Im in my early 40s married my wife when her son from x was about 2. Now he is 9 and we have three beautiful girls together...5, 2 and 2.

I never really felt real love for my ss and after the birth of my first girl it has gone downhill since. He is generally a decent kid. He's a quitter like his dad and likes to take advantage of his 5 yo sister all the time...he was raised in front of the TV for about 6 to 8 hours a day for his first 4 years so imo that is why he has no ability to play make believe, pretend, no imagination....just wants to either do something hyper or sit around like a bump on a log. Like i said, generally a decent kid but not mine and doesnt have the traits or interests that my girl has and her little sisters will have. Without going into details this is at the heart of why I dont really care about him too much.
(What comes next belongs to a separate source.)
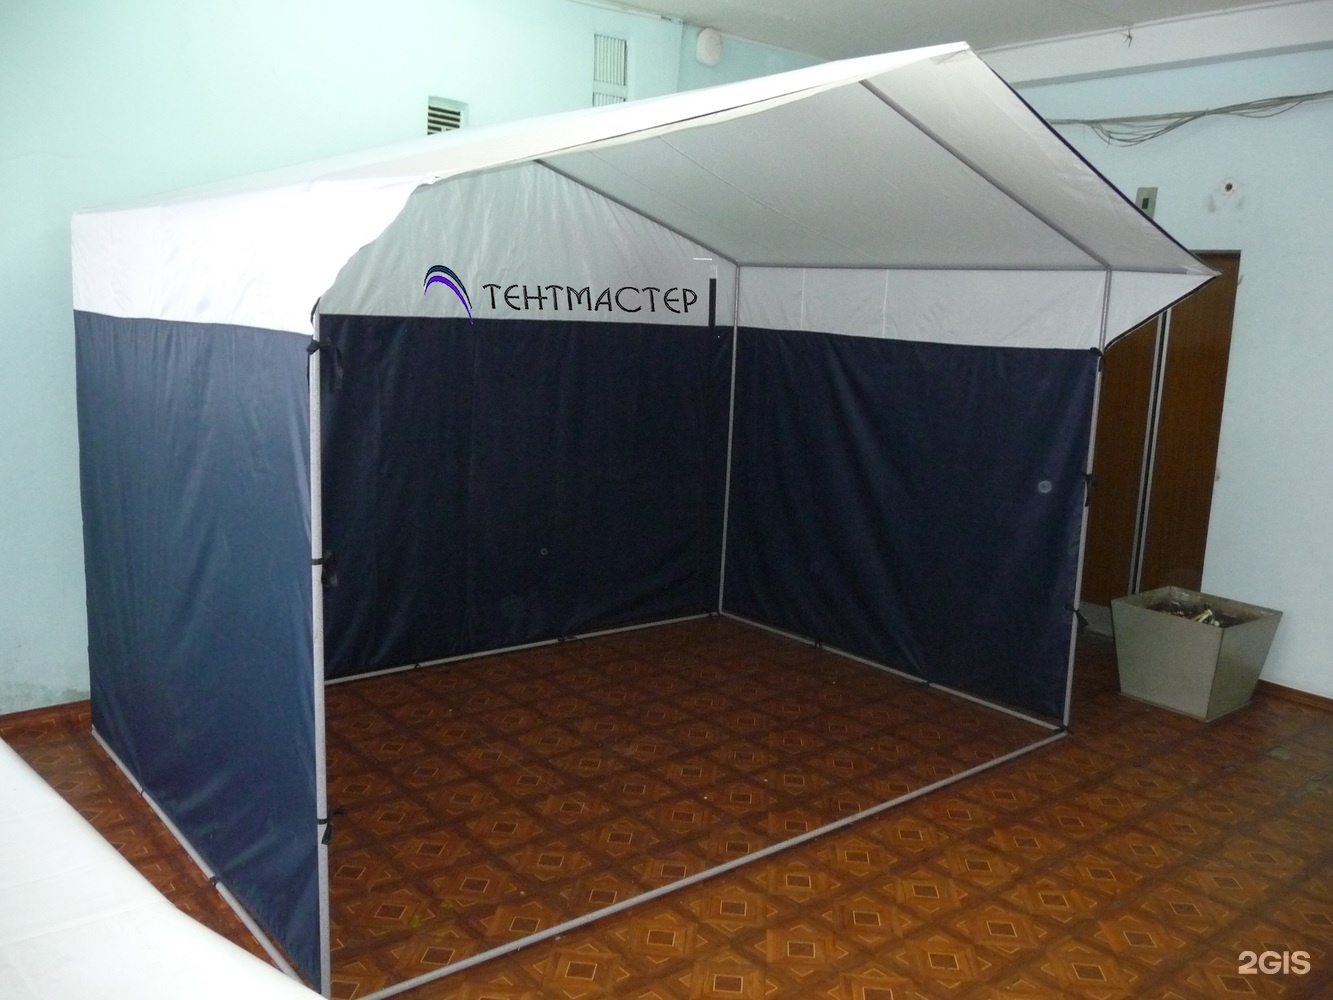 250 0 65. Палатка торговая 4 на 3. Торговая палатка белая. Торговые палатки на прокат в Новосибирске. Красноярск торговая палатка.

Besides that, his dad is a loser always quitting his job, not paying his x her support and we take on the majority of support for my ss.
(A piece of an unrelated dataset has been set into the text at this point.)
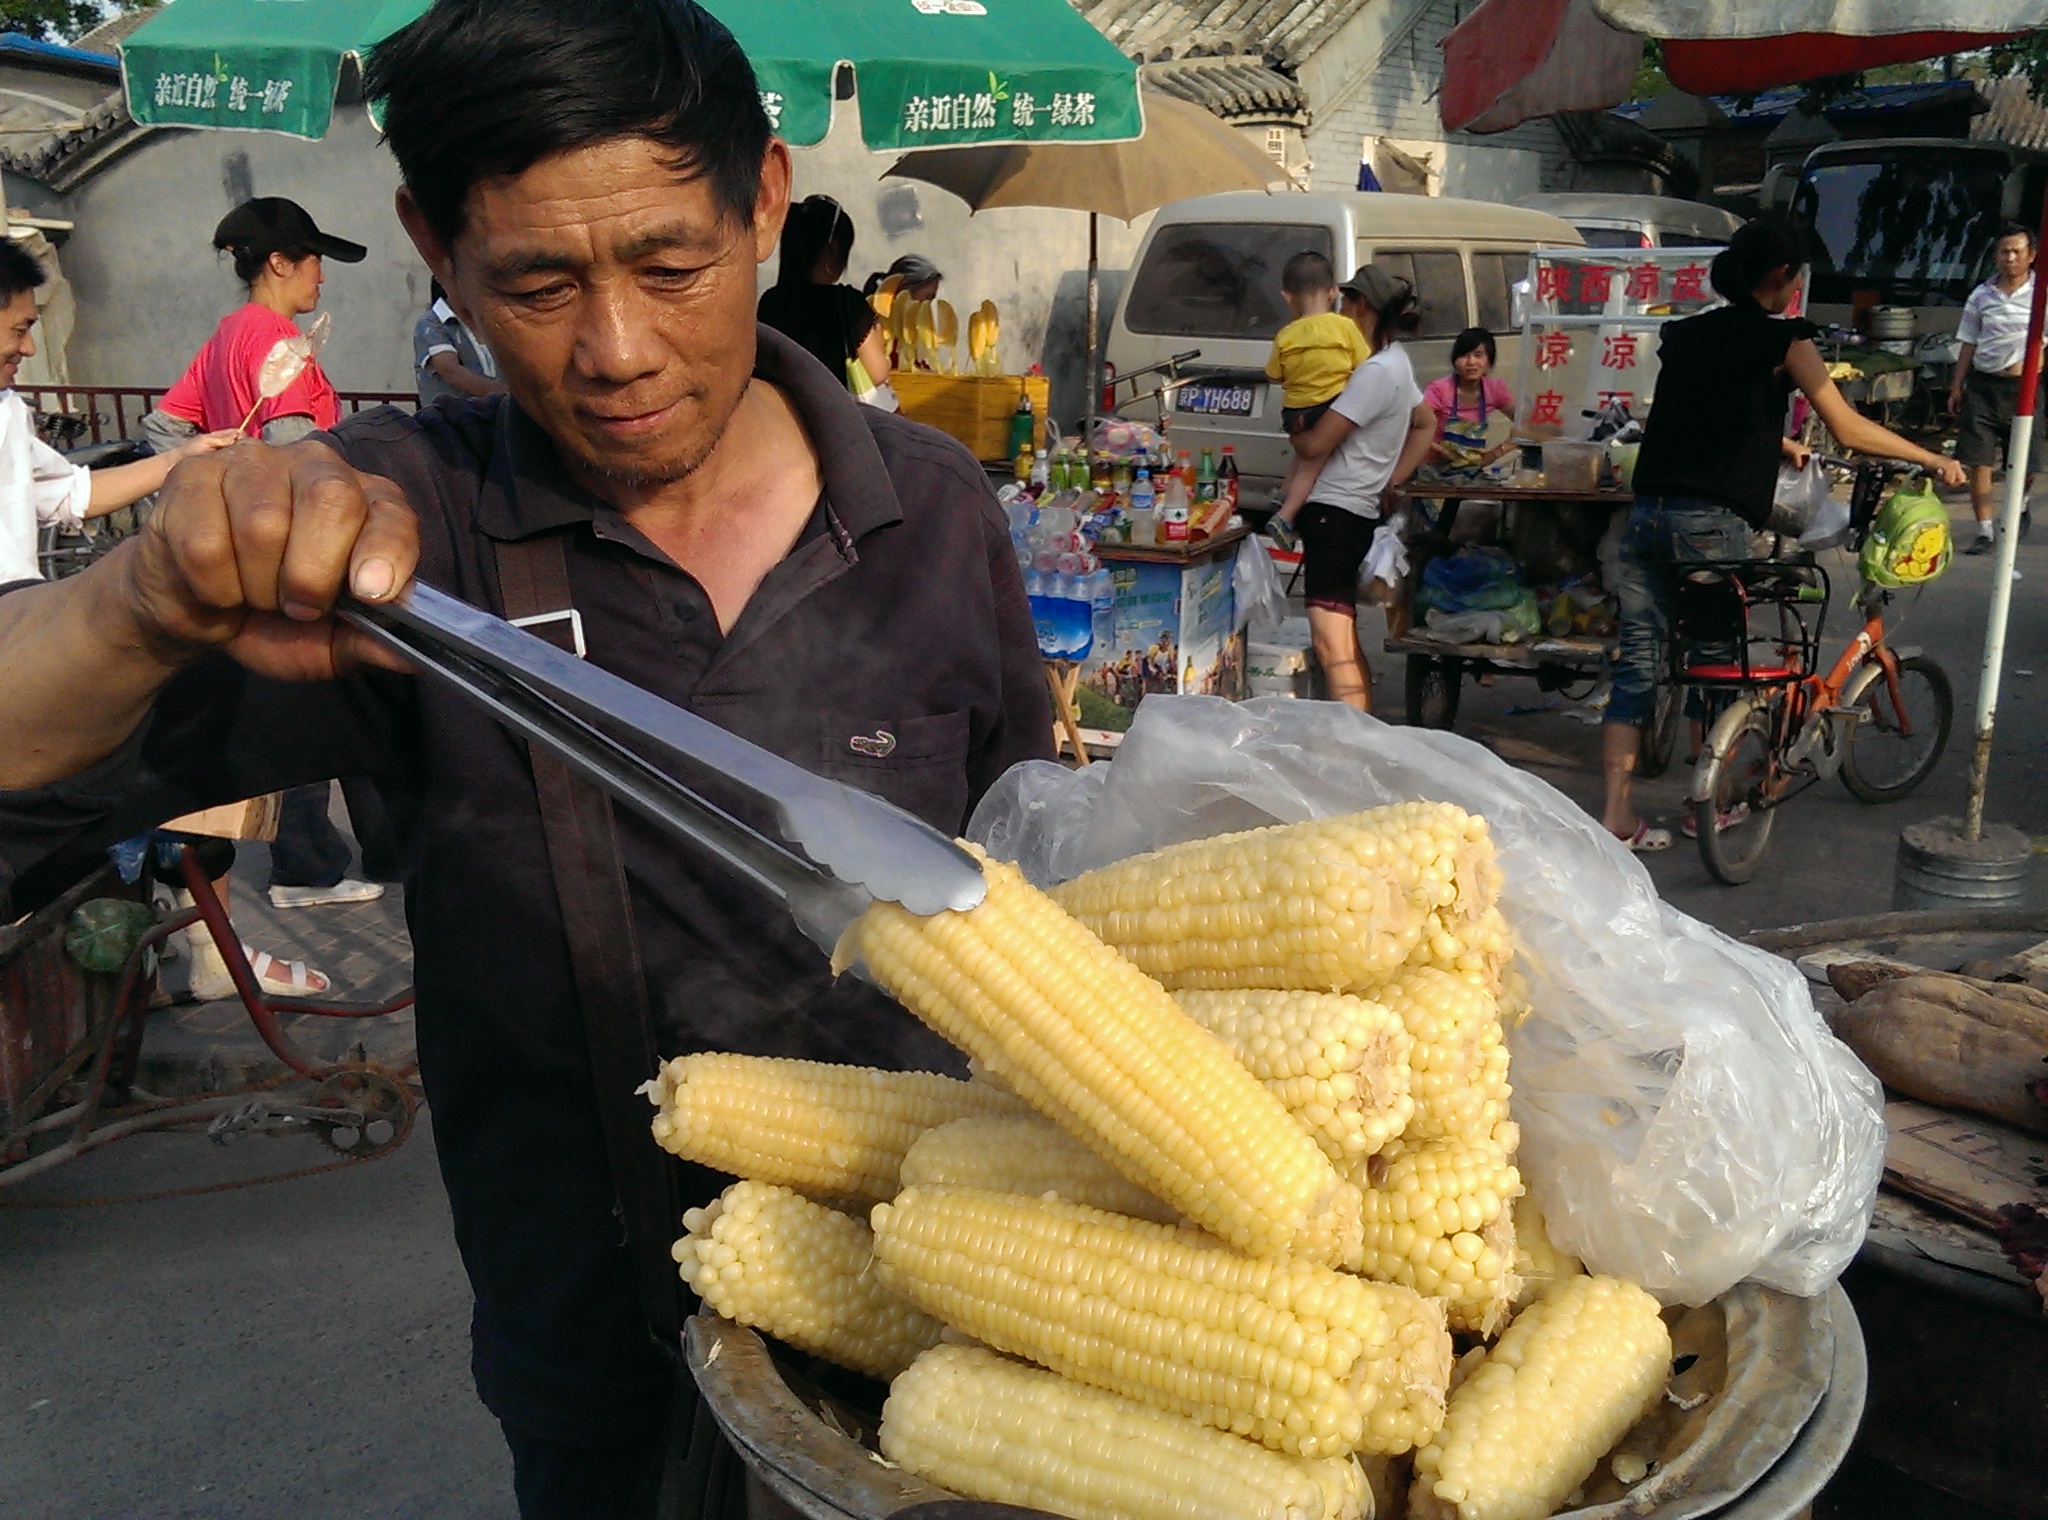 htc one[m7/802t 智能手机 实拍 卖玉米的商贩

My wife likes to live in a fantasy world as if she did not have a previous husband and her son is not a step son to me and I should love and care and have feelings for him just like I do my girls. She instructed him to call me dad from a young age.
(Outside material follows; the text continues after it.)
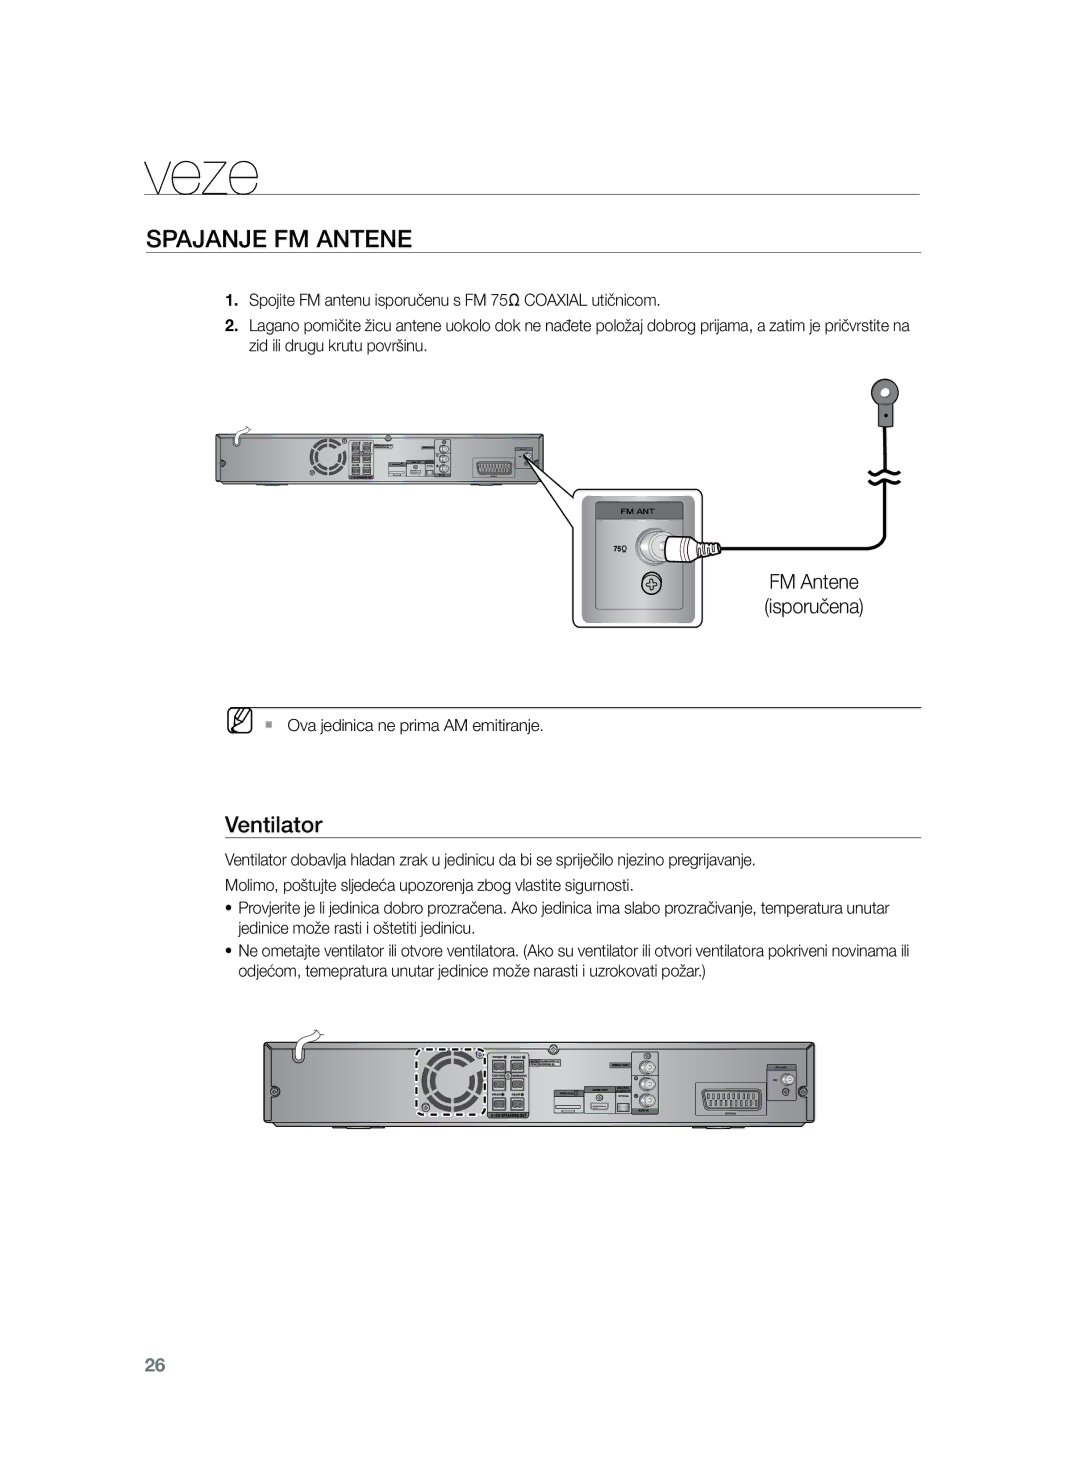 Samsung HT-Z220R/EDC manual Spajanje FM antene, Ventilator, FM Antene isporučena, MM`` Ova jedinica ne prima AM emitiranje

Its a major fight if i discipline the ss in any way or even so much as ask him to do something like make his bed. Its perfectly ok for me to do this with my daughter of course. All hell would break loose if I actually admitted that i care a LOT less for the stepson than my own bio children. So, am I to just go through life hiding these feelings ?

I love my wife and daughters to death but christ if I had to do it all over again I would Never ever ever marry someone with kids and an xh.

New second wife-step-mom's picture

I agree with Cheri on this one.

One thing that has me confused is that she wants you to be "Dad" and she wants the child to call you Dad but will not allow you to correct the child even to the point of telling him to make up his bed. :?

meegwell's picture

Great points. Im shutting the fark up and living with it. I've read a lot worse problems around here.

New second wife-step-mom's picture

Tell her if the boy is going to call you dad, you should have all the rights and priveleges of a father which includes discipline. If she disagrees, then tell her that he's her son then, he's her problem. You'll take care of the girls but the boy is not your concern except when he affects your daughters.

^^^^ THIS.

amber3902's picture

I agree with the posters who say that your wife is trying to get you to replace her son's father. Like the others have said, I would keep your feelings about your SS to yourself. Maybe the reason you feel the way you do about your SS is because you resent the fact that his father is not there to handle his responsibilities, i.e. CS.

You don't have to love your SS, but maybe in time you can care for him, the way you would a nephew, or the child of one of your friends.

It's interesting to note that one of the reasons you don't like your SS is because you say he has no imagination and all he does is watch TV all day. Hmmmmm, who was it that sat him down in front of the TV all day? The same woman you choose to have children with.

Maybe if you stop trying to see the father's traits in your SS and start trying to see some of your wife's traits in him, you might actually be able to enjoy him a little more. Also, you and your SS have something in common that you will not have with your daughters - baseball, football, soccer, woodwork, auto mechanics, motorbikes, fishing, camping, etc. etc. - get the picture?

It's not too late to start developing a relationship with a boy that just might benefit from a male role model.

oldone's picture

Even I have never come out and told DH that I don't like his son. I don't hate him but he's just a pathetic drunk bum. What's to like?

All DH has said is that he wants to be "accepted". I have no clue what that means and haven't bothered to ask. I do not forbid him to come over - but I don't invite him either.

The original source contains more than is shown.